What Are the Types of Forensic Images?
There are also three kinds of forensic images—physical, logical, and targeted. Take a look at their definitions below.
Getting a physical image of a hard drive is the best kind of forensic image, as you get all of the data on the drive. Apart from files, it also captures deleted space on the drive even if it has been recently formatted, deleted files, and file fragments. It helps in cases where suspects are believed to have deleted or tampered with evidence. As such, metadata (information about a file that users don’t usually see) is an essential factor.
A logical image of a hard drive obtains all active data. You can’t see deleted files, space, and file fragments. It works best for cases that only require the information a drive contains.

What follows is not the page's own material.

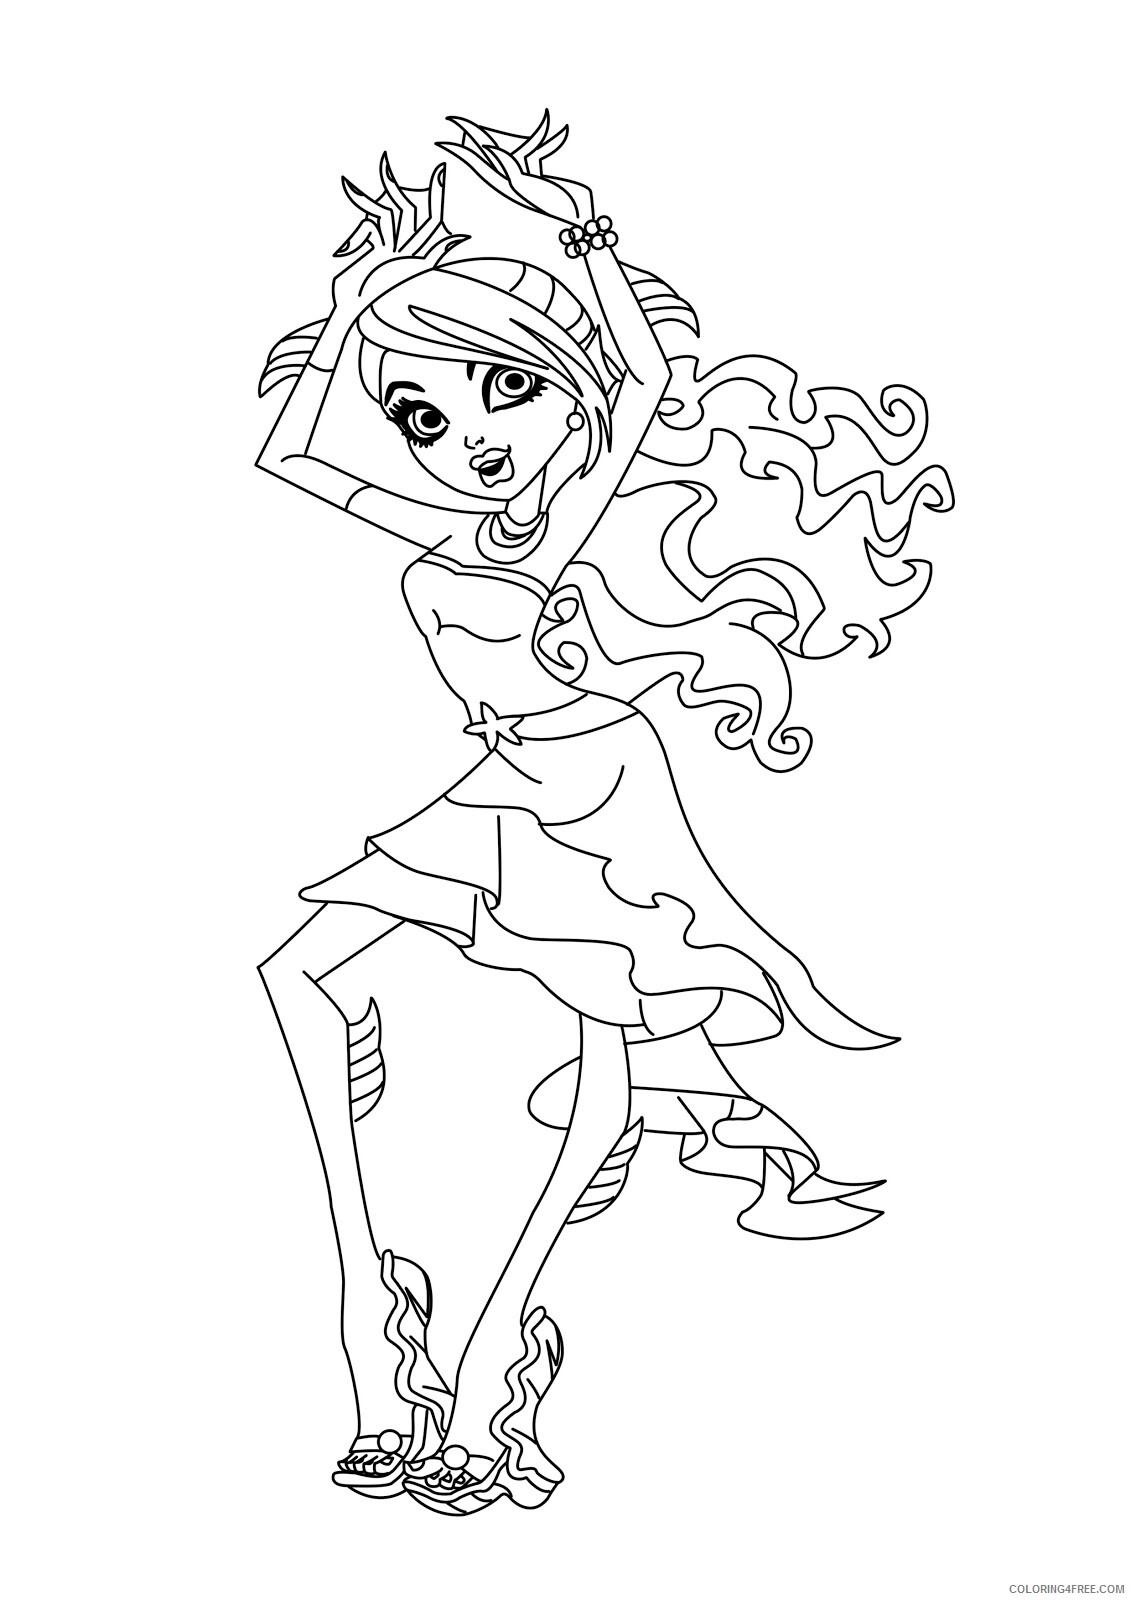 Monster High Coloring Pages Monster High Image Printable 2021 4154 Coloring4free

There are times when you know exactly what files or documents you need for your case. Selected documents can be copied to an image file to create a targeted collection. Using targeted forensic images decreases costs and labor since a much smaller dataset requires gathering and analysis.
What Do Tools for Forensic Image Gathering Do?
Various readily available software programs are used to get forensic images. Most courts accept forensic images as evidence. Such solutions can do the following:
- Find, decrypt, collect, and preserve forensic images from various devices while ensuring evidence integrity
- Allow seamless integration into most investigation workflows
- Clone data across several drives
- Let users preview data and assess potential evidence on a machine
- Make forensic images of the data, duplicating everything and disallowing modification of the original
Forensic images are a must when gathering evidence for any kind of case aided by technological tools. You learned what they are, how they are gathered, and what their kinds are here. You also learned about some popular forensic imaging software.